Mystical field

Our point mass is losing mass at a constant rate of $\frac{r}{1000}$ = x kilograms every second. As the speed is constant it is therefore losing momentum at 5. x every second (the rate of change of momentum). Now as force is the rate of change of momentum it follows our force F is constant (rate of change in momentum is constant) and takes on the above value. F = 5. x . If the force were not to act (we must assume in this universe the laws of physics hold) it's velocity would increase due to the conservation of momentum. So the force is constant and the work done by our force = F.10.V from speed = distance.time and work done = force.displacement . This gives us an answer of 0.25J

We know that the Work done (in its simplest form i.e. parallel vectors, all quantities constants) is given by $W = F \cdot d$ where $F$ is the force applied to the object, and $d$ is the distance this object moved. But we also know $F=\frac{dp}{dt}=\frac{d\left(mv\right)}{dt}=\frac{dm}{dt}\cdot v+m\cdot\frac{dv}{dt}$ Since the velocity is not changing, we have $\frac{dv}{dt}=0$ . We also know that $\frac{dm}{dt}=0.001\frac{\text{Kg}}{\text{s}}$ and $d=v\cdot t = 50\text{ m}$ . Substituting into the work expression we get $\boxed{W = 0.25 \text{ Joules}}$

Use einstein eqn, e=mc^2, but use v instead of c

The force can be expressed as:

$F = m \frac{dv}{dt} + \frac{dm}{dt}v$ (1)

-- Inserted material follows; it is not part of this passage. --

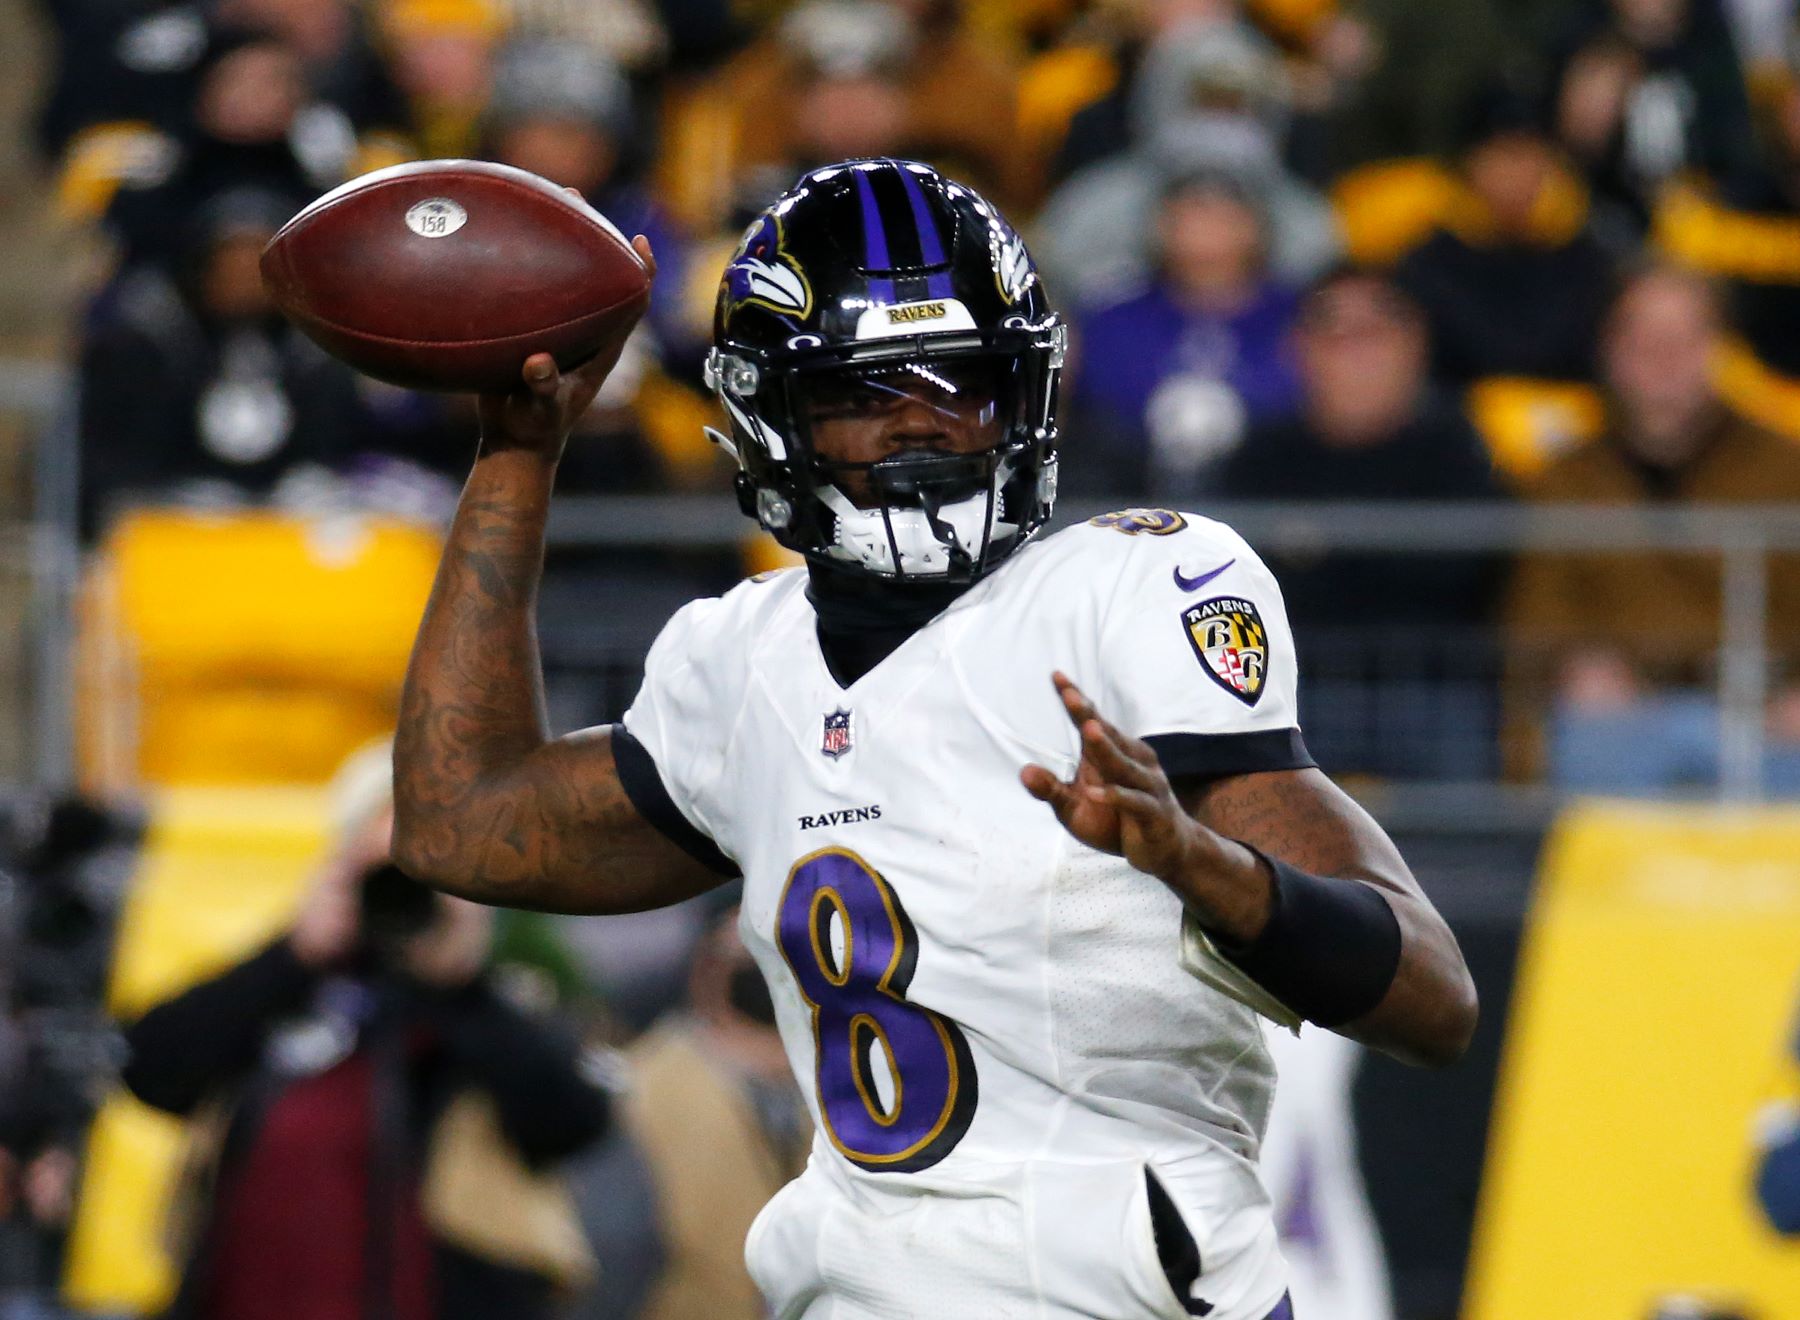 Quarterback Lamar Jackson as #8 on the Baltimore Ravens team of the NFL during a game against the Pittsburgh Steelers

Since the point mass moves at constant velocity, the first term in (1) is zero:

$F = \frac{dm}{dt}v = rv$

Note that since $v$ is constant, the force is also constant. Work done is expressed as W (in one dimensional motion, with constant force):

$W = Fx$ (2)

For an object in constant velocity v:

$x(t) = vt$ (3)

Combining all of these:

$W = Fx = rvx$ (4)

or

$W = rt v^2 = 0.25$ J (5)

Consider initial mass of the point mass m m

In 10 seconds , mass reduce by 10 gram. As velocity is constant $d = 50 m$

$F = \frac{10^{-2 }\times 5}{10}$

$F = 5 \times 10^{-3}$

$W = work done = F \times d$

$W = 5 \times 10^{-3} \times 50$

$W = 0.25 J$

We know, in general:

$(1) F=\frac{dp}{dt}$

$(2) P=F \times v$

$(3) E=P \times T$

So, it follows, since

$\frac{dp}{dt}=-10^{-3} \times 5$

$P=-10^{-3} \times 25$

$W=-25 \times 10^{-2}=-0.25J$

So, $|W|=0.25J$

Momentum variation: dm.V Force=dm.V/t Eenergy=dm.V.d/t=dm.V^2=10E-3x5x5=0.25

We can split the rate through dimension : g/s = 10^-3 kg/s. We know that W = F X S, and we know that F = m X a (kg m/s^2). We split this dimension into kg/s X m/s which means "evaporation rate times velocity". If we know this already, then we can do this. Say the evaporation rate is Y, hence we get W = Y X V X V X t = 10^-3 X 5 X 5 X 10 = 0.25

Work = Evaporating rate x Velocity^2 x Time

r=1g/s =0.001kg/s

Therefore Work = 0.001(5^2)(10)

=0.25 J

Since we know the element $"Evaporating Rate"$ , we use a formula :

$W = V^2 \times r \times t$

where W = Work (J), V = Velocity ( $\frac{m}{s})$ , r = Evaporating Rate ( $\frac{kg}{s})$ and t (s)

By substituting the value, we get $W$ = 0,25 J.